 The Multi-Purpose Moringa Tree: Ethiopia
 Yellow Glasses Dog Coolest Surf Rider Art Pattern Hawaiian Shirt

--

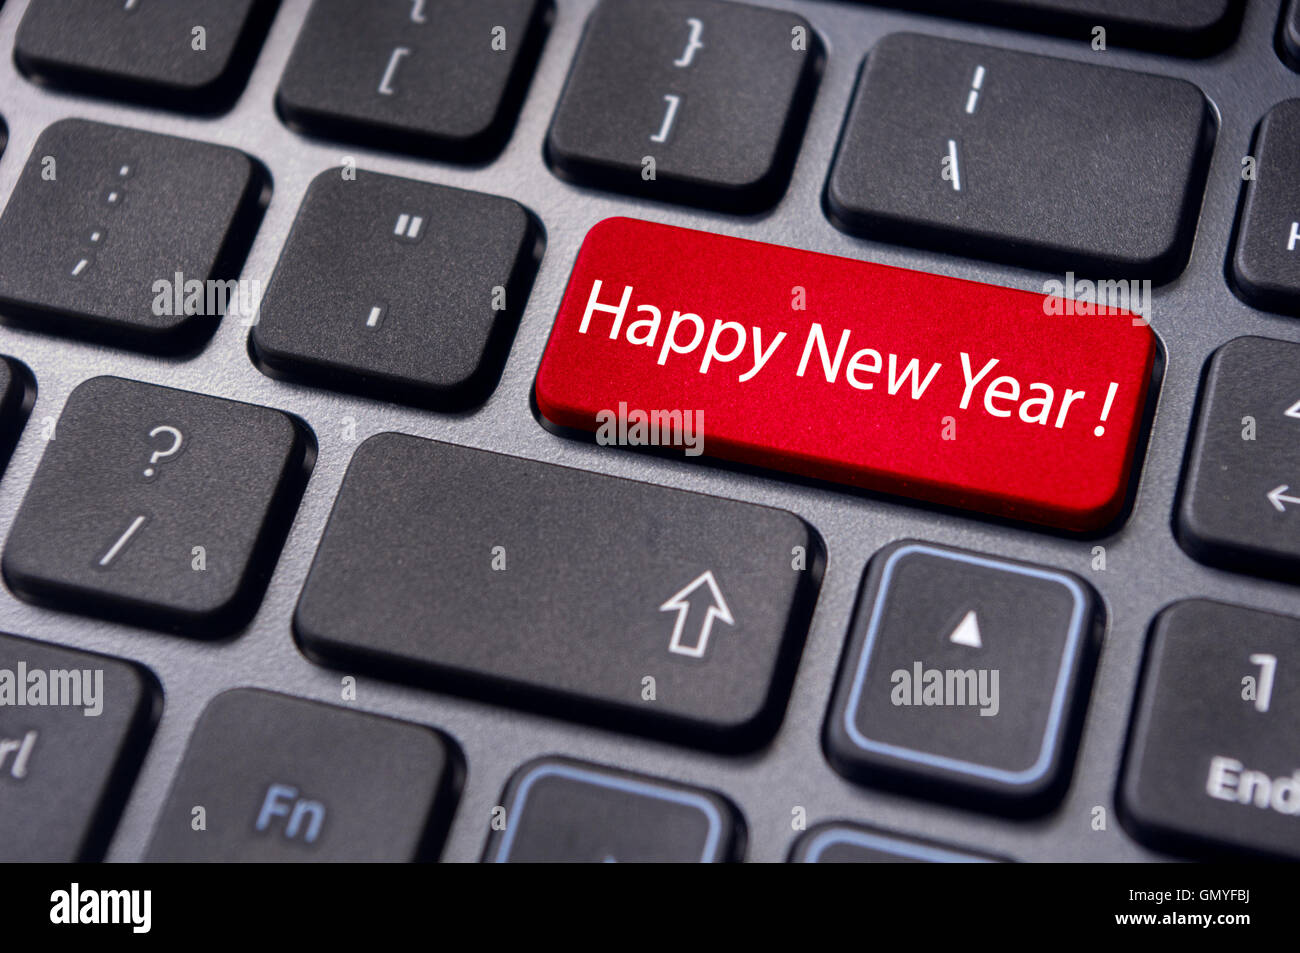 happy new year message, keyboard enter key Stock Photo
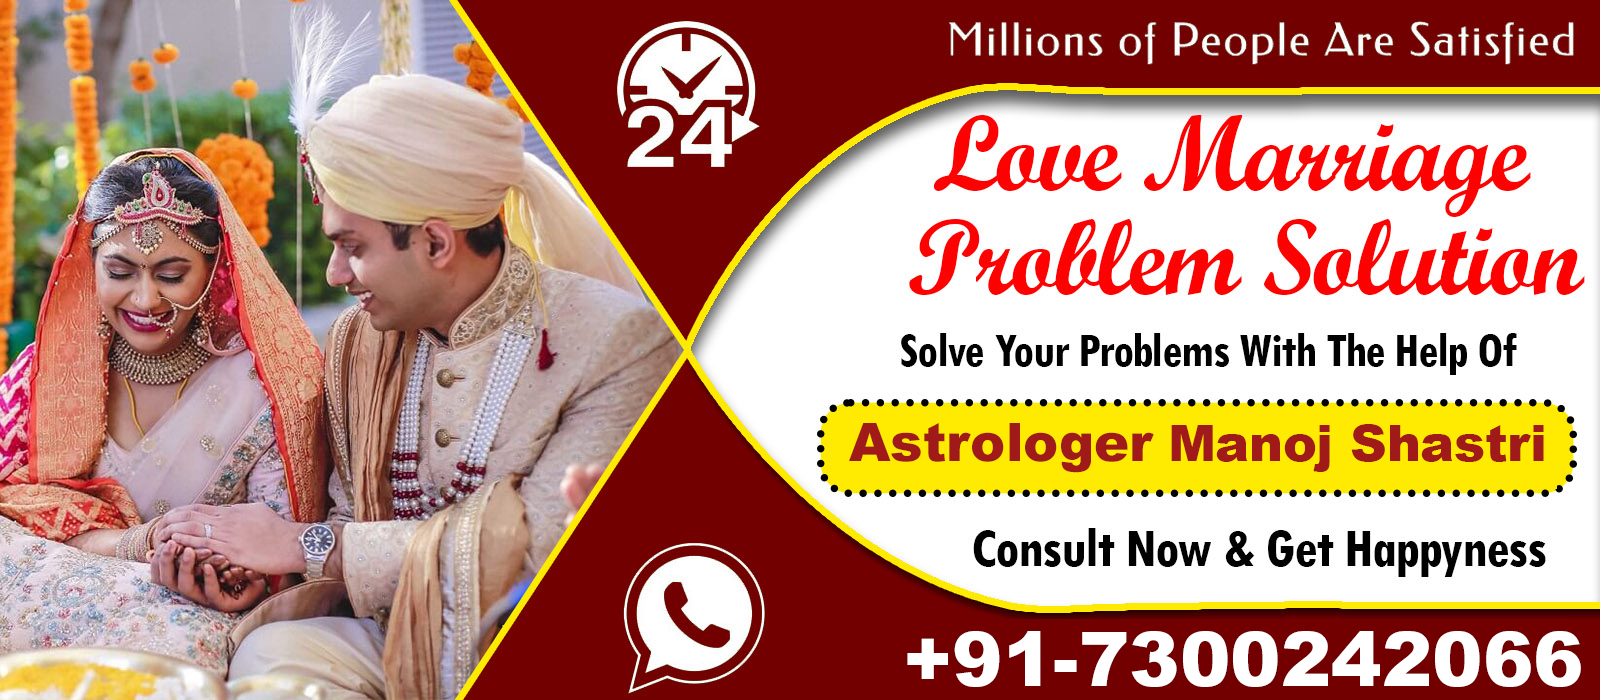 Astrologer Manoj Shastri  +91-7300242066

--

** YOUR INSTRUCTIONS **
Only the lines above from the line containing "The Multi-Purpose Moringa Tree: Ethiopia" through the line containing "Yellow Glasses Dog" should be retyped, exactly and with both ends included.

** FINAL ANSWER **
 The Multi-Purpose Moringa Tree: Ethiopia
 Yellow Glasses Dog Coolest Surf Rider Art Pattern Hawaiian Shirt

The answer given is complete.